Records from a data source
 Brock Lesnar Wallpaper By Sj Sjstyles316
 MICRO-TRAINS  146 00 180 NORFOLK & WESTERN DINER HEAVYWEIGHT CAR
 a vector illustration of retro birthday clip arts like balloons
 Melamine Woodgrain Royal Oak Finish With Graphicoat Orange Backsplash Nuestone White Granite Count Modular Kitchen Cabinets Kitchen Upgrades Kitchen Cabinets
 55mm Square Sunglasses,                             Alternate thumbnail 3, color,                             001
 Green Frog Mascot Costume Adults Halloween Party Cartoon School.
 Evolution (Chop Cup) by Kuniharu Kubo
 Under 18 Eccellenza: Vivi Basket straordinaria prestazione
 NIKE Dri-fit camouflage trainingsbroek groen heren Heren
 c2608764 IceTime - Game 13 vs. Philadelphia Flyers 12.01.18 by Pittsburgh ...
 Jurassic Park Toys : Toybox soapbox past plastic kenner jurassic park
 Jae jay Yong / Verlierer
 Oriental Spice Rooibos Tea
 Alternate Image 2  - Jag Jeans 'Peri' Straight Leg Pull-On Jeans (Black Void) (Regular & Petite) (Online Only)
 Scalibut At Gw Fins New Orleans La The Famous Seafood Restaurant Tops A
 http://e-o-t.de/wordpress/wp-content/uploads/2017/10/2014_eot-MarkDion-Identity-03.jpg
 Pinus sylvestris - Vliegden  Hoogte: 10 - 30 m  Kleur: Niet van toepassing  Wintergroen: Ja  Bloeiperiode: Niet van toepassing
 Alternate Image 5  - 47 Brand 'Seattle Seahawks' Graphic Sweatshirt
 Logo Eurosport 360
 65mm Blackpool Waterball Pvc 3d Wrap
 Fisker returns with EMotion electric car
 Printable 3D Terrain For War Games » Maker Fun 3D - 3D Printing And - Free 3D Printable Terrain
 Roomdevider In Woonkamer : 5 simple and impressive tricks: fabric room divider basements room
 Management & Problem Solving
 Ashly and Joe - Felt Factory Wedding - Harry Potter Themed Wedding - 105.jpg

#### [EXERCISE AIM]
Only the lines from the one containing "Under 18 Eccellenza: Vivi" through the last line of the records above are to be reproduced, exactly and with both ends included.

#### [TASK RESPONSE]
 Under 18 Eccellenza: Vivi Basket straordinaria prestazione
 NIKE Dri-fit camouflage trainingsbroek groen heren Heren
 c2608764 IceTime - Game 13 vs. Philadelphia Flyers 12.01.18 by Pittsburgh ...
 Jurassic Park Toys : Toybox soapbox past plastic kenner jurassic park
 Jae jay Yong / Verlierer
 Oriental Spice Rooibos Tea
 Alternate Image 2  - Jag Jeans 'Peri' Straight Leg Pull-On Jeans (Black Void) (Regular & Petite) (Online Only)
 Scalibut At Gw Fins New Orleans La The Famous Seafood Restaurant Tops A
 http://e-o-t.de/wordpress/wp-content/uploads/2017/10/2014_eot-MarkDion-Identity-03.jpg
 Pinus sylvestris - Vliegden  Hoogte: 10 - 30 m  Kleur: Niet van toepassing  Wintergroen: Ja  Bloeiperiode: Niet van toepassing
 Alternate Image 5  - 47 Brand 'Seattle Seahawks' Graphic Sweatshirt
 Logo Eurosport 360
 65mm Blackpool Waterball Pvc 3d Wrap
 Fisker returns with EMotion electric car
 Printable 3D Terrain For War Games » Maker Fun 3D - 3D Printing And - Free 3D Printable Terrain
 Roomdevider In Woonkamer : 5 simple and impressive tricks: fabric room divider basements room
 Management & Problem Solving
 Ashly and Joe - Felt Factory Wedding - Harry Potter Themed Wedding - 105.jpg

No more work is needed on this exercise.